Blackburn led his shop’s successful efforts to join the Association of Legal Aid Attorneys – UAW Local 2325. Last year, he and his colleagues fought to obtain a $68,500 wage floor, a new standard not only at the Bronx Defenders but for the industry at large. The folks at UAW saw even more potential in him and tapped him to run for office. And NYC-DSA sought other young, charismatic candidates to seize on member Mayor Zohran Mamdani’s historic victory. Blackburn’s name came up thanks to his labor organizing.

As far as his state assembly run, NYC-DSA and the UAW have backed his campaign. So did the New York Working Families Party and New York Communities for Change, as well as elected officials like State Senator Jabari Brisport, Assemblymember Claire Valdez, and councilmember Chi Ossé.

Today, Blackburn believes electoral politics can play a key role in Black liberation and the socialist agenda after meeting many “dope Black organizers” in DSA. And while Eugene V. Debs could never make “Dip-Set Forever,” the former presidential candidate now ranks among his personal heroes.

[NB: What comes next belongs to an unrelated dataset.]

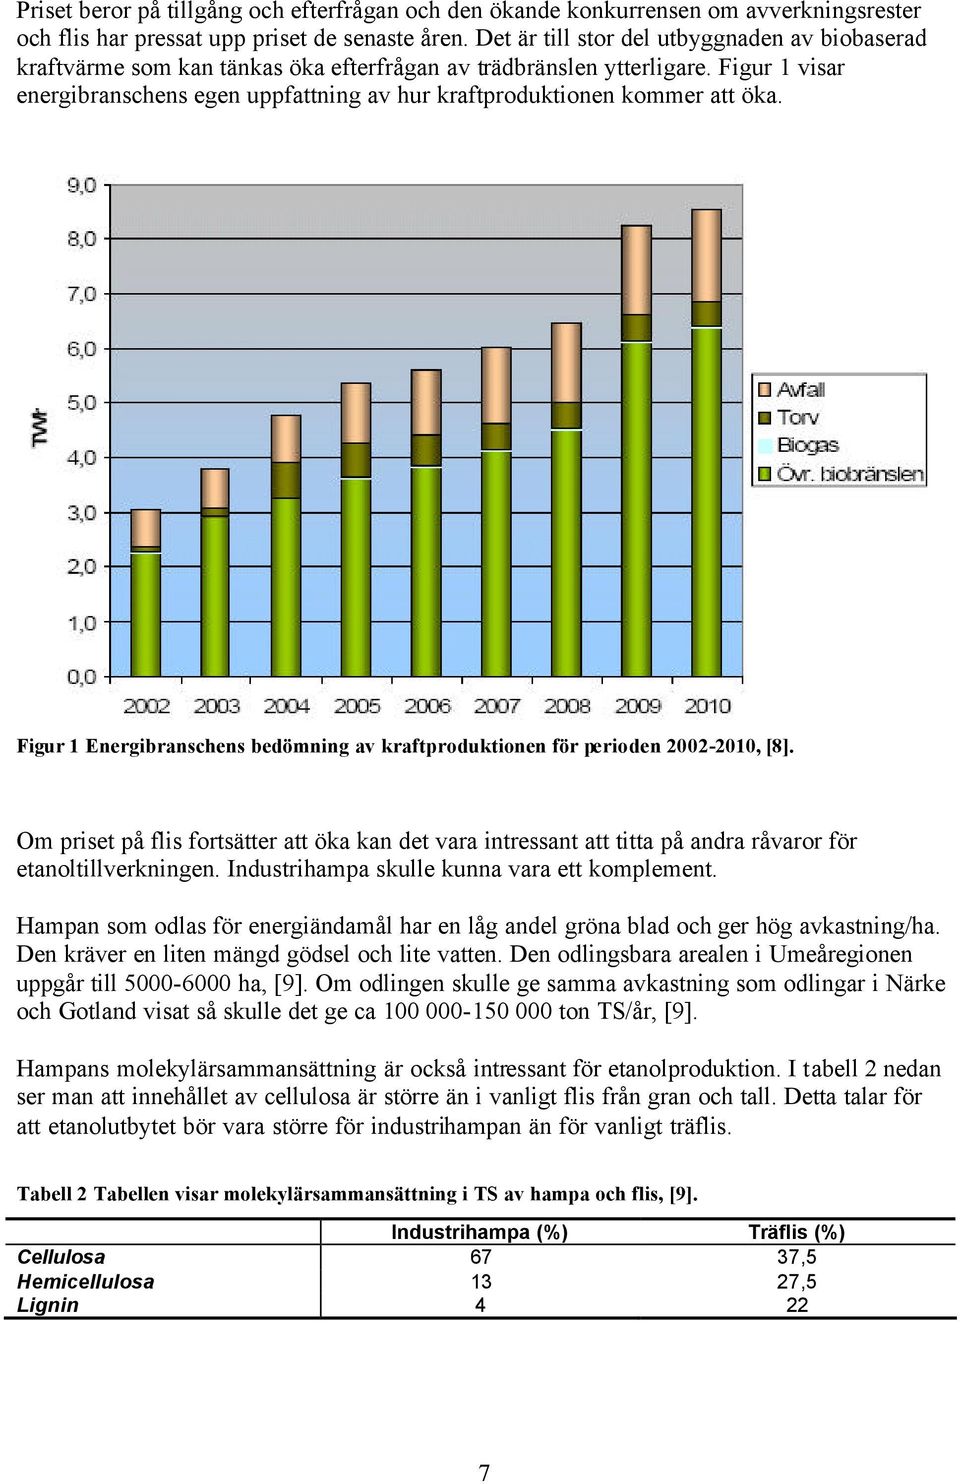 Figur 1 visar energibranschens egen uppfattning av hur kraftproduktionen kommer att öka. Figur 1 Energibranschens bedömning av kraftproduktionen för perioden 2002-2010, [8].

“The only way labor is going to win power is twofold,” said Blackburn. “You have to have a marriage between the workers’ union and what Eugene Debs called the ‘political union’ — that’s socialism in politics. Judges have the power of injunction, and that’s what ended up stopping a lot of unions’ power building in the past, [while] right-leaning politicians [gutted] union rights.

“So the only way we could protect union rights is by getting socialists elected into office. That really solidified my view that [the] time is now to run for office and that DSA was my political home in addition to UAW.”